Published Jul 31, 2018 11:01 AM by The Maritime Executive

Crowley Maritime’s new con/ro El Coquí has delivered its first cargo from Florida to Puerto Rico, marking the start of a new high-speed service for vehicles and consumer goods on one of the largest Jones Act routes. She departed for her inaugural voyage from Jacksonville on Friday and arrived in San Juan on Monday, carrying a full load of containers, reefers and vehicles. 

El Coquí, a sub-Panamax container ship and ro-ro combined into one vessel, is among the first of her kind to be powered by LNG. She has a cruising speed of 22 knots, and she can carry about 2,400 TEU, including the 53-foot high-capacity containers that are common in the Puerto Rico trade. Within the ship is an enclosed ro/ro deck that can carry up to 400 cars and larger vehicles. Since Tote's aging con/ro El Yunque has departed the Puerto Rico trade lane, El Coquí is now the only vessel with enclosed car decks on the route. 

The VT Halter-built design has a Panamax beam of 32.3 meters, and it is smaller than the limits for a Panamax boxship's draft and length. The price per vessel has not been disclosed, but Crowley says that it is investing a total of $550 million to upgrade its U.S.-Puerto Rico service, including $130 million for terminal improvements in San Juan.

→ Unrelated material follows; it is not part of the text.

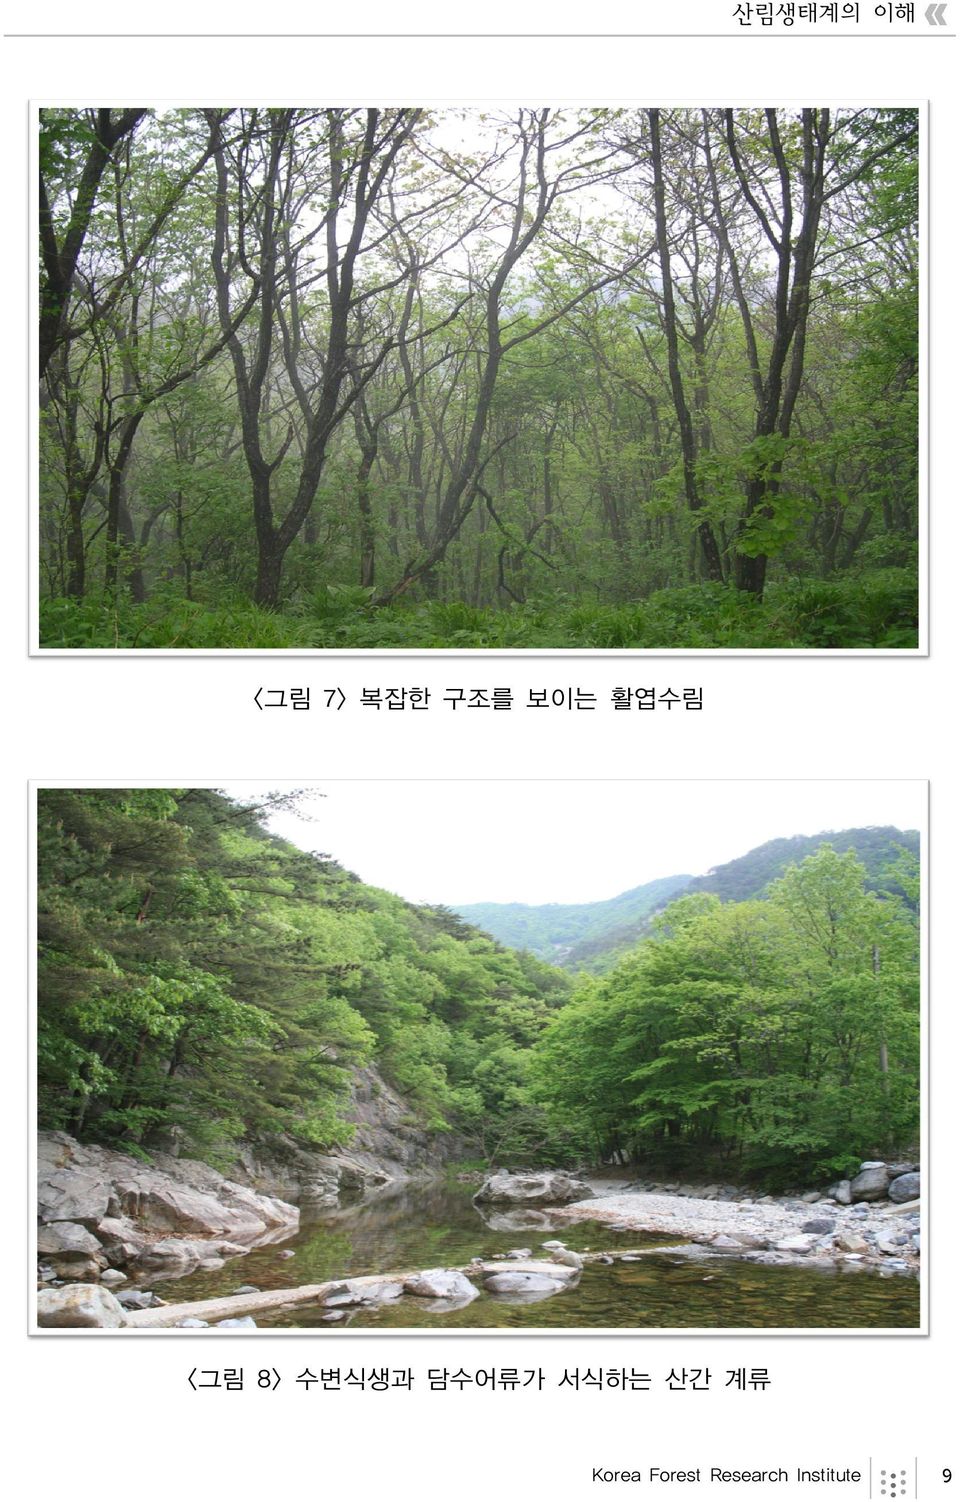 담수어류가 서식하는 산간 계류 Korea

The construction cost for Tote Maritime's LNG-fueled Panamax container ships was about $180 million per vessel.

“The ship’s reduced transit time complements major investments in technology and other infrastructure upgrades to our terminals that make it easier and quicker for our trucking partners to access our terminals for cargo moves," said Frank Larkin, Crowley SVP and general manager for logistics and commercial services. "We’ve also evolved our warehouse operations to bring greater efficiencies all the way through to final mile deliveries."

In San Juan, Crowley has installed three new ship-to-shore gantry cranes at its Isla Grande Terminal to speed up container unloading. According to Crowley, they are the first new STS cranes in San Juan Harbor in more than five decades. In addition, the firm has built a new 900-foot-long concrete pier at Isla Grande and expanded the terminal's capacity for handling refrigerated containers. It has also added containers and handling equipment to its fleet; constructed a new seven-lane exit gate; and implemented a new, modern terminal operating software system (TOS) to modernize cargo deliveries and exchanges. 

This operation is paperless, which reduces gate-lane transaction times. At Isla Grande, the time it took a trucker to bring a container into the terminal (ingate) before the implementation of TOS averaged 45 minutes. Today, the time required is only 12 minutes, according to Crowley. Time spent at gate kiosks previously averaged six to seven minutes, and now it takes less than one minute.